Sender: linux-kernel-owner@vger.kernel.org

On Thu, Jan 11, 2018 at 11:48 AM, Eric Dumazet <edumazet@google.com> wrote:
> That was the purpose on the last patch : As soon as ksoftirqd is scheduled
> (by some kind of jitter in the 99,000 pps workload, or antagonist wakeup),
> we then switch to a mode where process scheduler can make decisions
> based on threads prios and cpu usage.

Yeah, but that really screws up everybody else.

It really is a soft *interrupt*. That was what it was designed for.
The thread handling is not primary, it's literally a fallback to avoid
complete starvation.

The fact that networking has now - for several years - tried to make
it some kind of thread and get fairness with user threads is all
entirely antithetical to what softirq was designed for.
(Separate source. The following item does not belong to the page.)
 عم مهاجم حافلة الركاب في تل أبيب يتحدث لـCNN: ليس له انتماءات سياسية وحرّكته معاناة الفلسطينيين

> Then, as soon as the load was able to finish in its quantum the
> pending irqs, we re-enter the mode
> where softirq are immediately serviced.
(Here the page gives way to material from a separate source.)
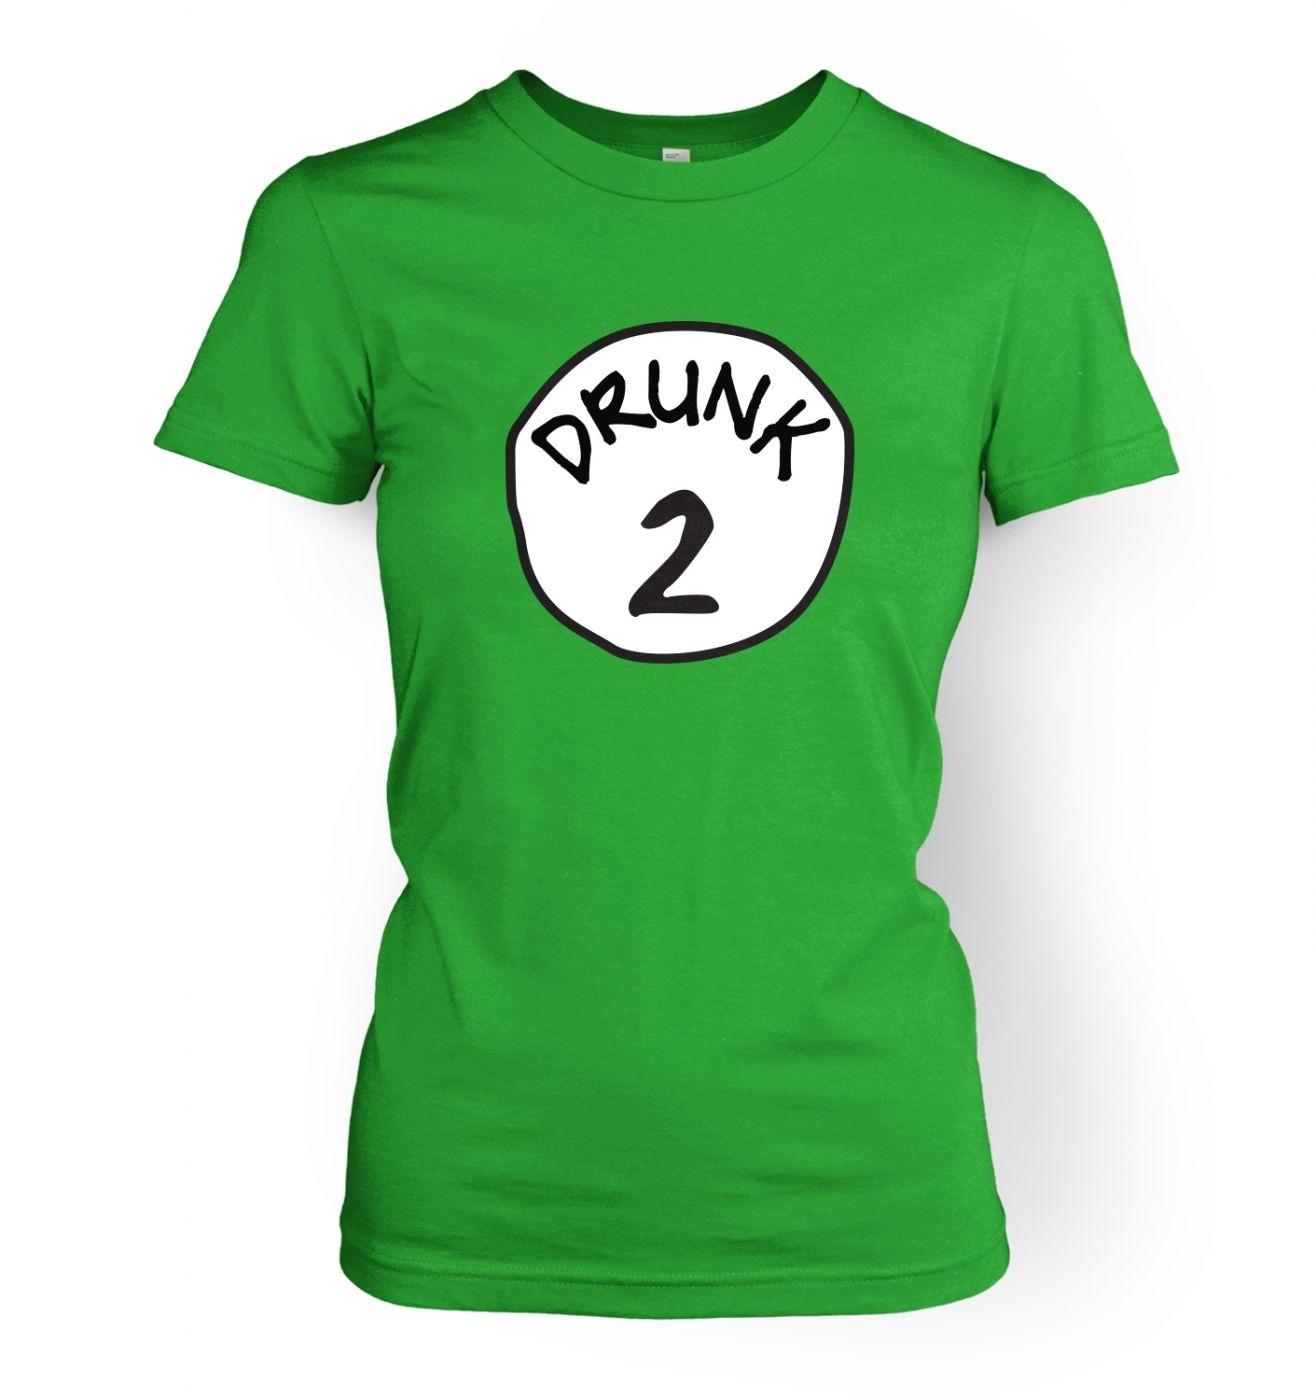 Drunk 2 women's t-shirt

Except that's not at all how the code works.

As I pointed out, the softirq thread can be scheduled away, but the
"softiq_running()" wil stilll return true - and the networking code
has now screwed up all the *other* softirqs too!
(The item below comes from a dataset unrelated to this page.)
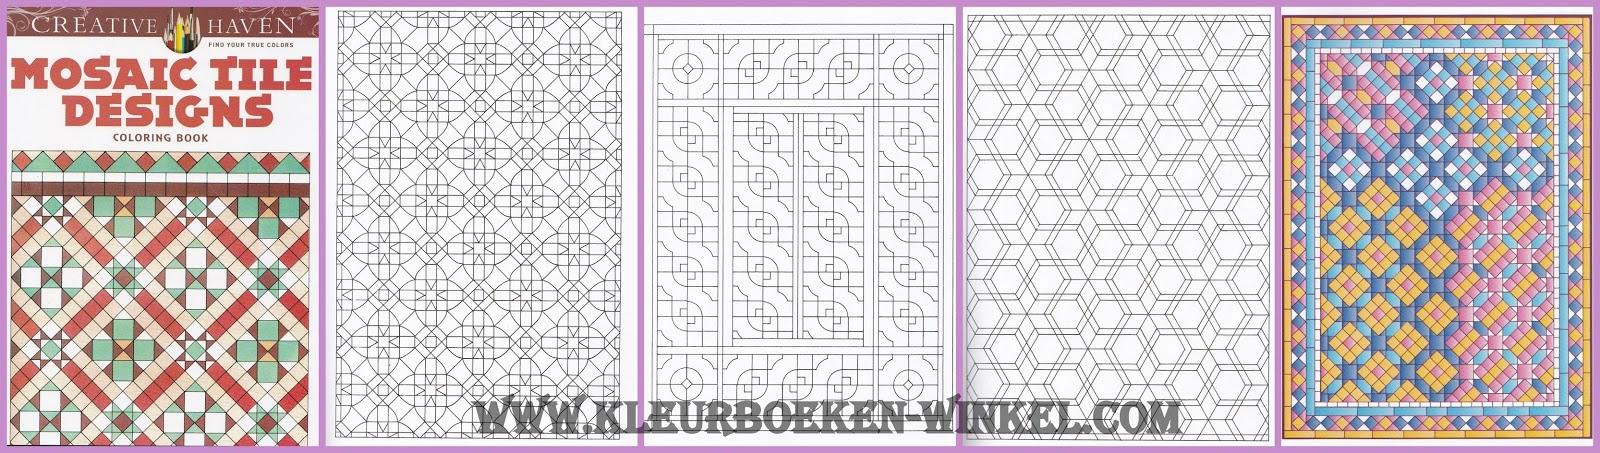 kleurboek mosaic tile designs van kleurboeken winkel

I really suspect that what networking wants is more like the
workqueues. Or at least more isolation between different softirq
users, but that's fairly fundamentally hard, given how softirqs are
designed.

My dvb-fixing patch was an *extremely* stupid version of that "more
isolation".  But it really is a complete hack, saying that tasklets
are special and shouldn't trigger ksoftirqd. They're not really all
that special, but it at least isolated the USB/DVB usage from the
"networking wants softirqd" problem.

                    Linus